Task description =
What you return must match, exactly, the lines running from the one containing "operations research sample" to the end of the data, both included, and must contain no pictures.

Data segment =

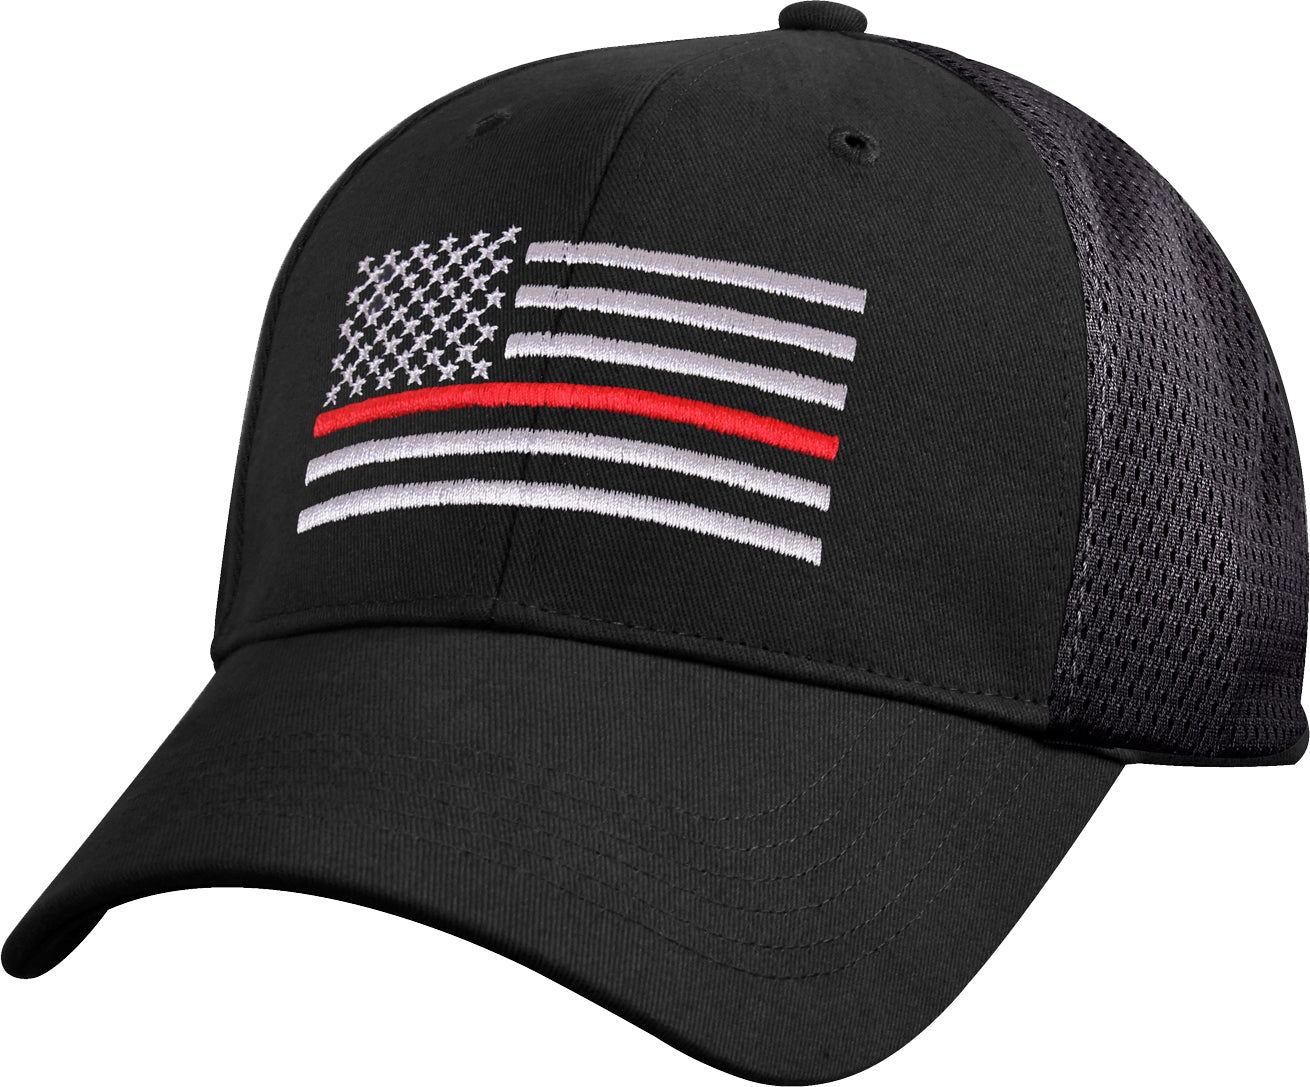 Black - Thin Red Line Mesh Back Tactical Cap
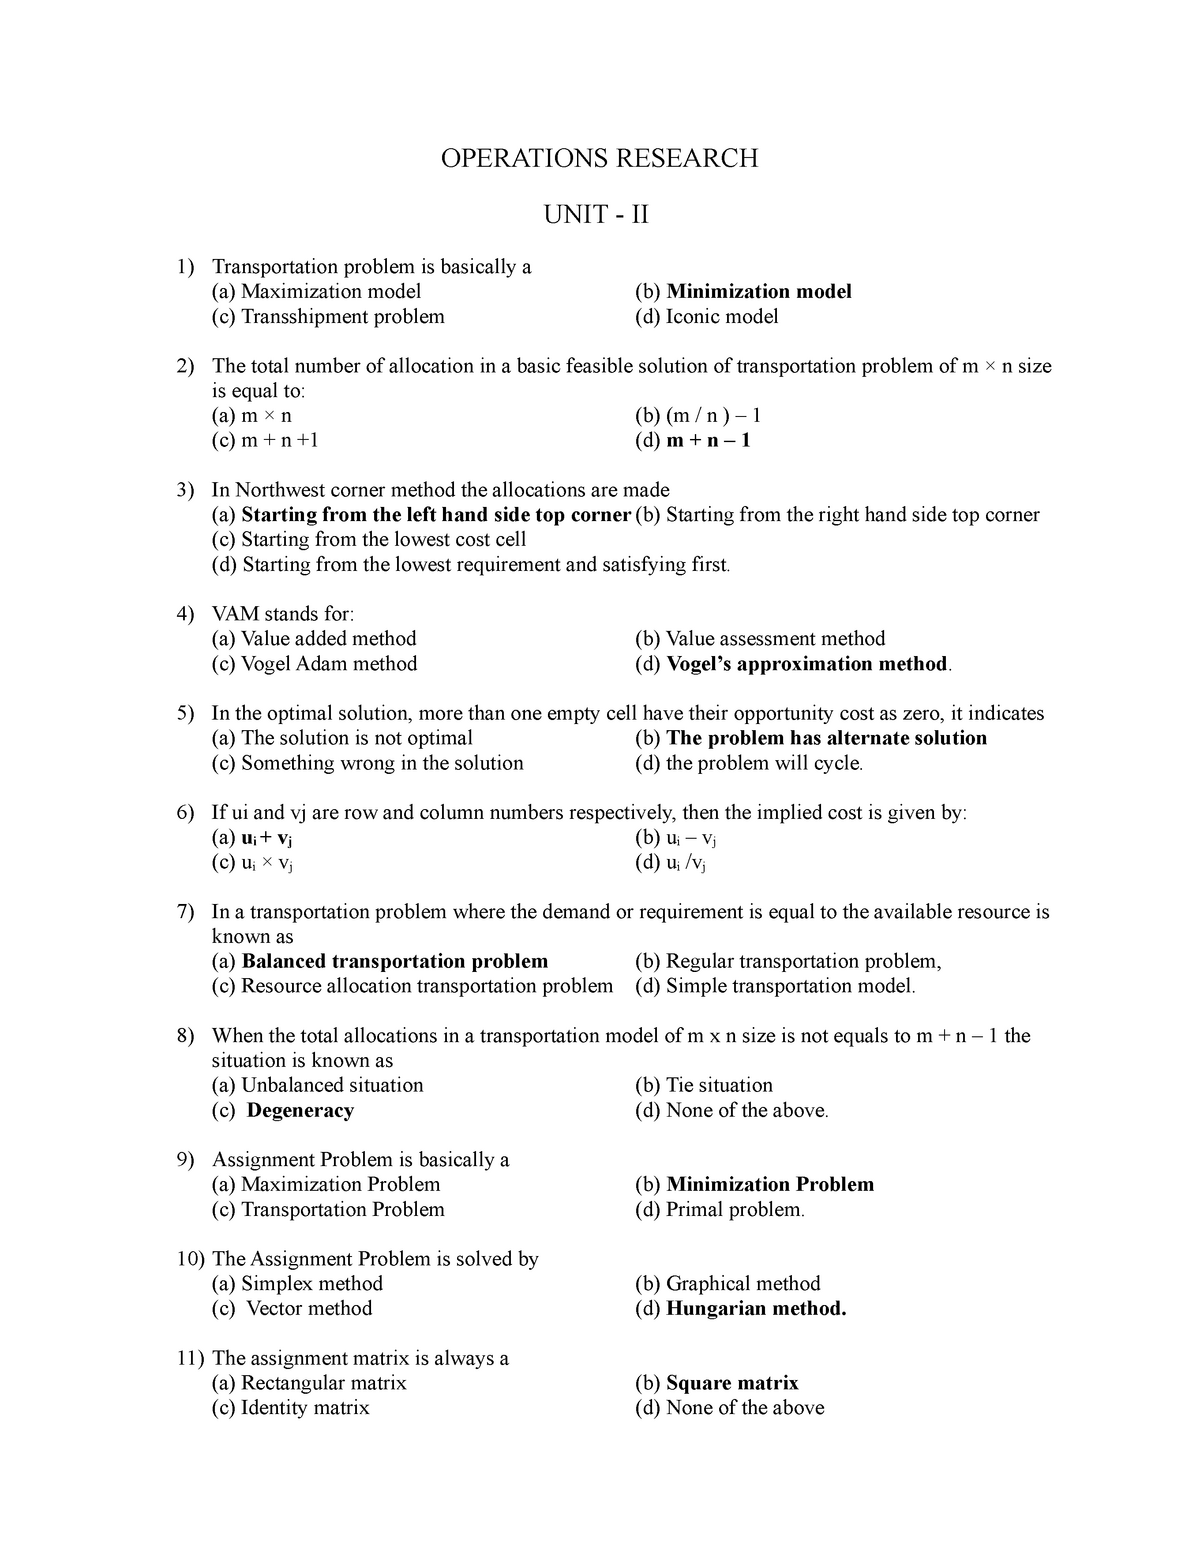 operations research sample questions and answers
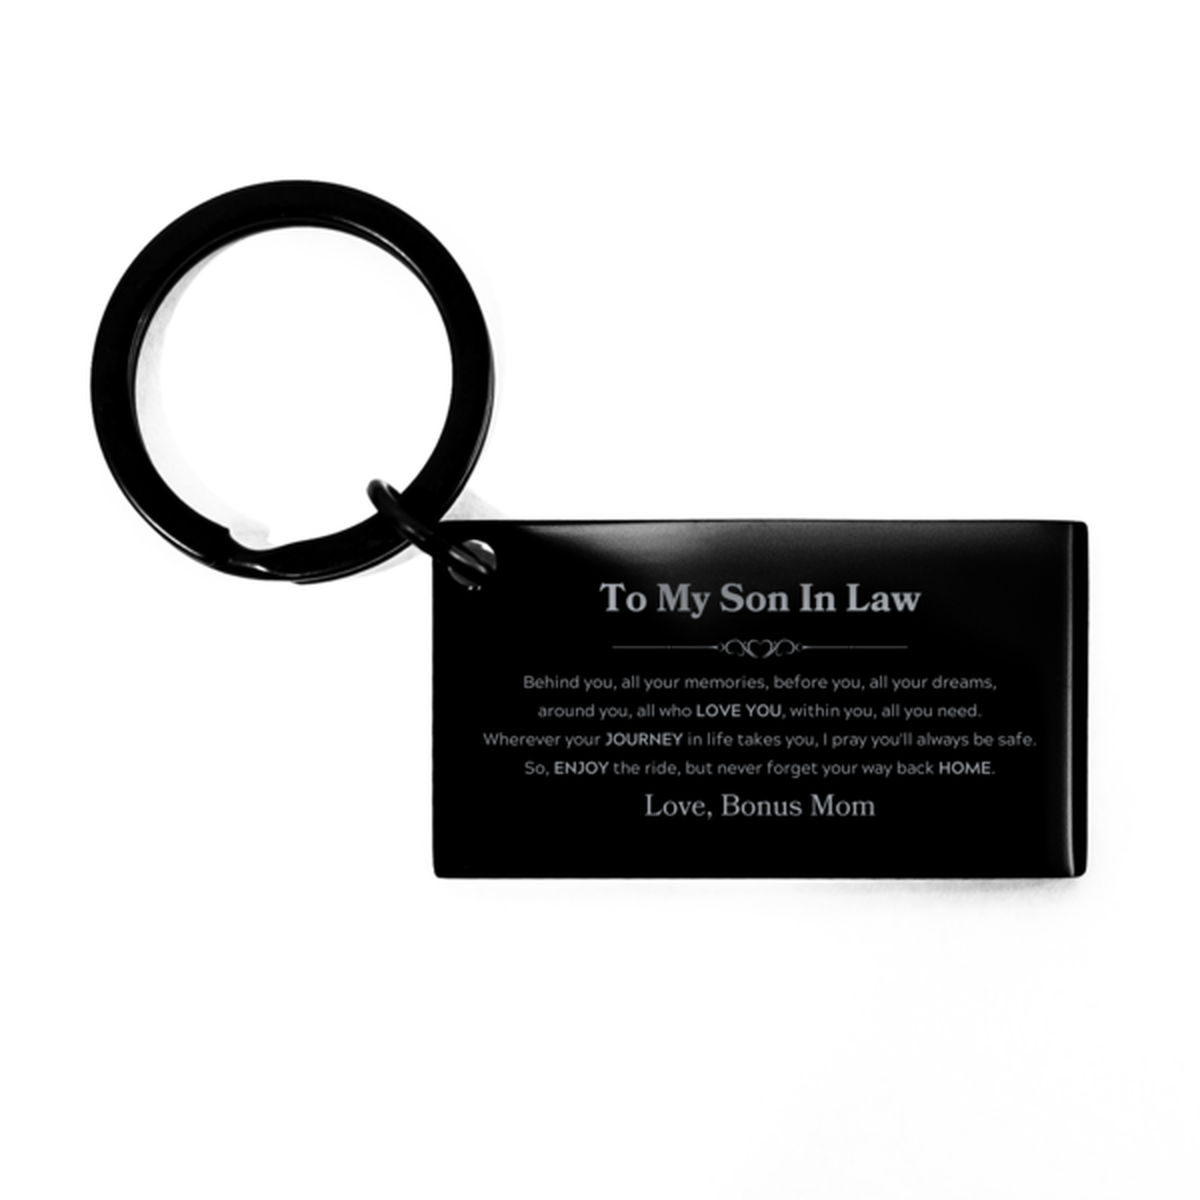 To My Son In Law Graduation Gifts from Bonus Mom, Son In Law Keychain Christmas Birthday Gifts for Son In Law Behind you, all your memories, before you, all your dreams. Love, Bonus Mom

Written solution =
 operations research sample questions and answers
 To My Son In Law Graduation Gifts from Bonus Mom, Son In Law Keychain Christmas Birthday Gifts for Son In Law Behind you, all your memories, before you, all your dreams. Love, Bonus Mom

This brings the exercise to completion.